• **Aim of the task**:
Starting at the top of the entries below, print each line exactly until the line with "Wrangler Mens Straight" has been printed too.

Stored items
· · · · · · ·

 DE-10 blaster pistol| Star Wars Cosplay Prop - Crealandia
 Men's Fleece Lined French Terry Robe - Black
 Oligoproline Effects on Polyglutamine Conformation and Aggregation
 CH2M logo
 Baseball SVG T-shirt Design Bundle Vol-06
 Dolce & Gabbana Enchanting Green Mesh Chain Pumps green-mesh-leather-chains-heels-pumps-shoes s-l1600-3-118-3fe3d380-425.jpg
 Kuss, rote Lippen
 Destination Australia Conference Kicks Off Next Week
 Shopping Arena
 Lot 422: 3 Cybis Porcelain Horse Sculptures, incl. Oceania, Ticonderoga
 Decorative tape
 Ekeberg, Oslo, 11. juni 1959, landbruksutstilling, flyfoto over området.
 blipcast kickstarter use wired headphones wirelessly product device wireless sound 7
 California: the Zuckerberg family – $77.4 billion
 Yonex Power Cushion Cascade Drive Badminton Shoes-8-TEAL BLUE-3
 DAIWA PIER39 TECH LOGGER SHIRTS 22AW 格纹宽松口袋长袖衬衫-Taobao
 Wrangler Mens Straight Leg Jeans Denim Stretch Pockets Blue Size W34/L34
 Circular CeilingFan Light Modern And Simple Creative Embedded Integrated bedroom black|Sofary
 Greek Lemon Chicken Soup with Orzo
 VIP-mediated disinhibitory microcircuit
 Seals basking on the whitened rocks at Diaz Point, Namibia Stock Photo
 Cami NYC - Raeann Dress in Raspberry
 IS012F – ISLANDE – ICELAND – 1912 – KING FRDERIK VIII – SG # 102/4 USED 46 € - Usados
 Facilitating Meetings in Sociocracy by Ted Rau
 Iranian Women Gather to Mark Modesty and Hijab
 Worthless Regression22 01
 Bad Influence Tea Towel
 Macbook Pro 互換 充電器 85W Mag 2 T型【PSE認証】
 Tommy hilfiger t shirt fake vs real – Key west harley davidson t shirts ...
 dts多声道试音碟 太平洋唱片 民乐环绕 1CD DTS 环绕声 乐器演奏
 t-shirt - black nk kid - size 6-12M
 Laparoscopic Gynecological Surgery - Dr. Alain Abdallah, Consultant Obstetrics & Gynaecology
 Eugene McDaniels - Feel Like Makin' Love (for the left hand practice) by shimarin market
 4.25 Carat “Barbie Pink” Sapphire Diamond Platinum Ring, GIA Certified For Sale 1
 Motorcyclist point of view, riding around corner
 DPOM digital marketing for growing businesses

· · · · · · ·

• **Your solution**:
 DE-10 blaster pistol| Star Wars Cosplay Prop - Crealandia
 Men's Fleece Lined French Terry Robe - Black
 Oligoproline Effects on Polyglutamine Conformation and Aggregation
 CH2M logo
 Baseball SVG T-shirt Design Bundle Vol-06
 Dolce & Gabbana Enchanting Green Mesh Chain Pumps green-mesh-leather-chains-heels-pumps-shoes s-l1600-3-118-3fe3d380-425.jpg
 Kuss, rote Lippen
 Destination Australia Conference Kicks Off Next Week
 Shopping Arena
 Lot 422: 3 Cybis Porcelain Horse Sculptures, incl. Oceania, Ticonderoga
 Decorative tape
 Ekeberg, Oslo, 11. juni 1959, landbruksutstilling, flyfoto over området.
 blipcast kickstarter use wired headphones wirelessly product device wireless sound 7
 California: the Zuckerberg family – $77.4 billion
 Yonex Power Cushion Cascade Drive Badminton Shoes-8-TEAL BLUE-3
 DAIWA PIER39 TECH LOGGER SHIRTS 22AW 格纹宽松口袋长袖衬衫-Taobao
 Wrangler Mens Straight Leg Jeans Denim Stretch Pockets Blue Size W34/L34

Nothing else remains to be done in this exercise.